Cleaning For A Reason
- Company type: Nonprofit
- Founders: Debbie Sardone
- Headquarters: Lewisville
- Area served: United States, Canada
- Key people: Mike Gies
- Website: cleaningforareason.org

= Cleaning For A Reason =

Nonprofit organization providing free house cleaning for cancer patients

Cleaning for a Reason is a nonprofit organization that provides free house cleaning for cancer patients. It was founded by American businesswoman Debbie Sardone whose mother is a cancer survivor. Since its founding in 2006, Cleaning For A Reason has helped over 50,000 families battling cancer with free house cleaning services valued at over $17M. Over 1,200 maid services are part of the Cleaning for a Reason network.

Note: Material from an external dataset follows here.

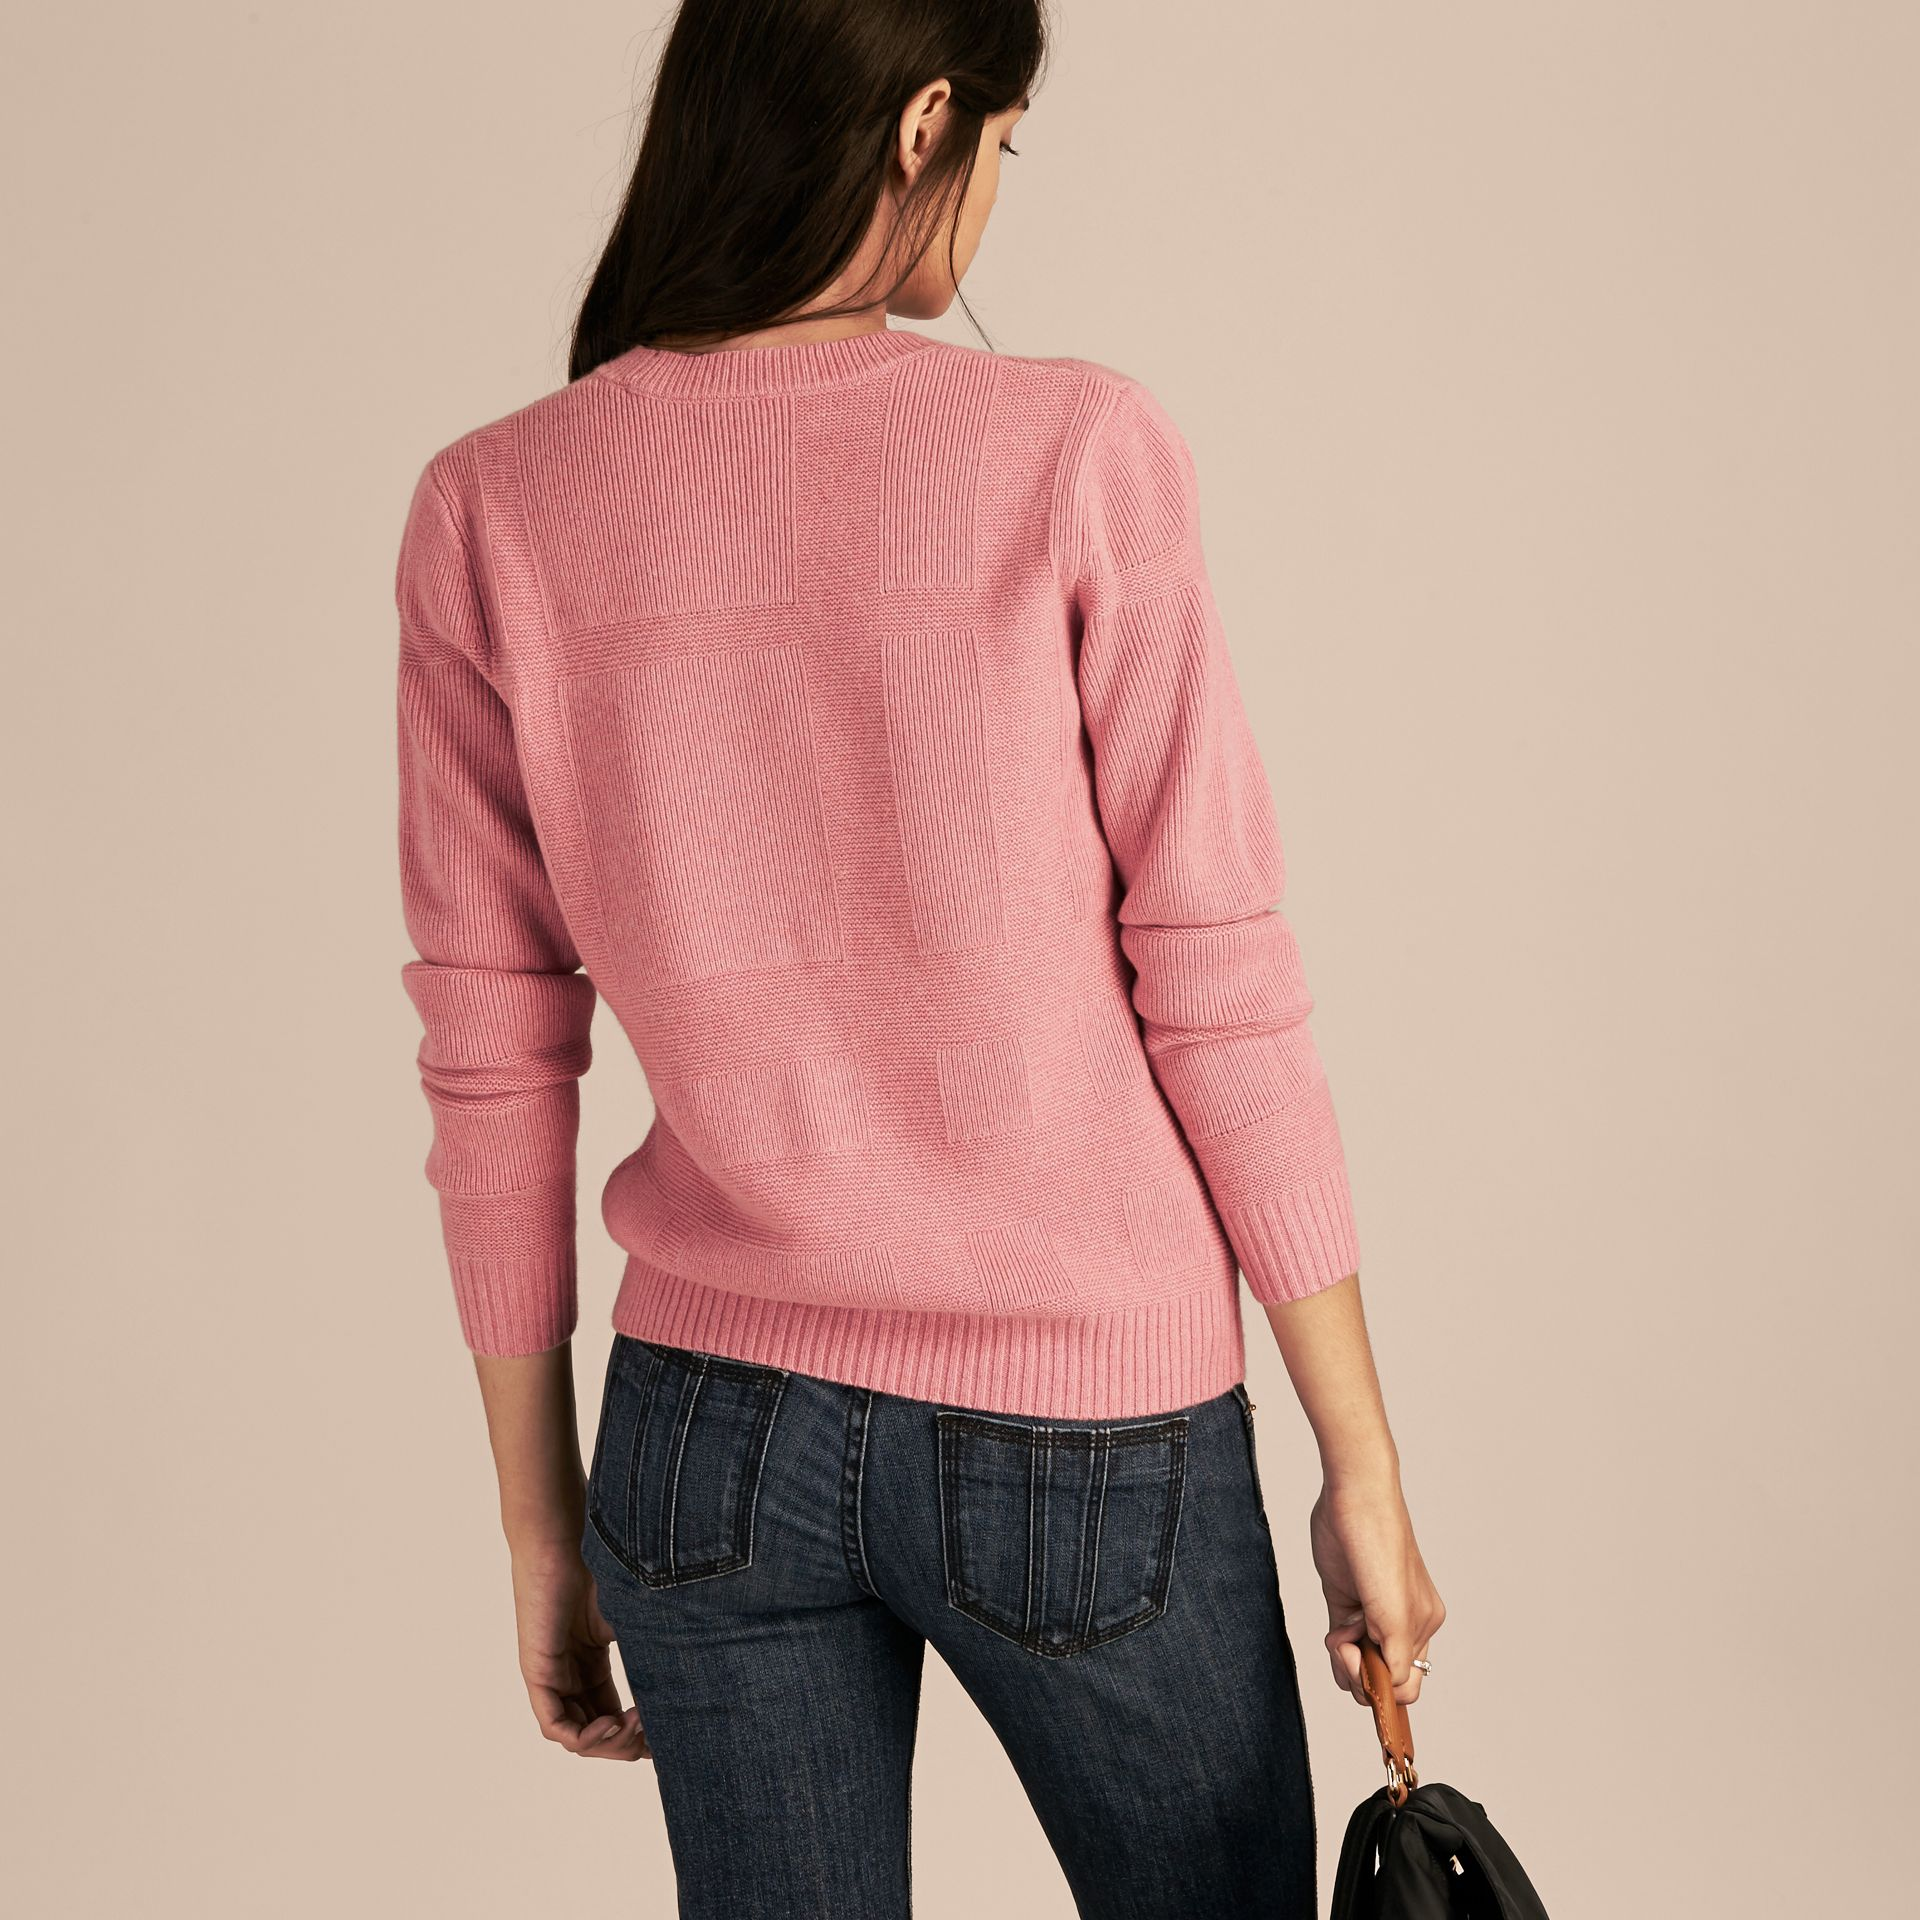 Hydrangea pink melange Check-knit Wool Cashmere Sweater Hydrangea Pink Melange - gallery image 3

Debbie Sardone started the organization after she received a phone call from a woman who was undergoing chemotherapy. She inquired about her house cleaning services but couldn't afford the cost because she was unemployed due to her cancer treatment.

Cleaning for a Reason was adopted by ISSA Charities, the charitable arm of ISSA, The Worldwide Cleaning Industry Association. To apply for services, to join as a cleaning partner, or to support the work of Cleaning for a Reason, visit cleaningforareason.org.

In 2015, Cleaning For A Reason was the subject of an Alt.news 26:46 documentary film.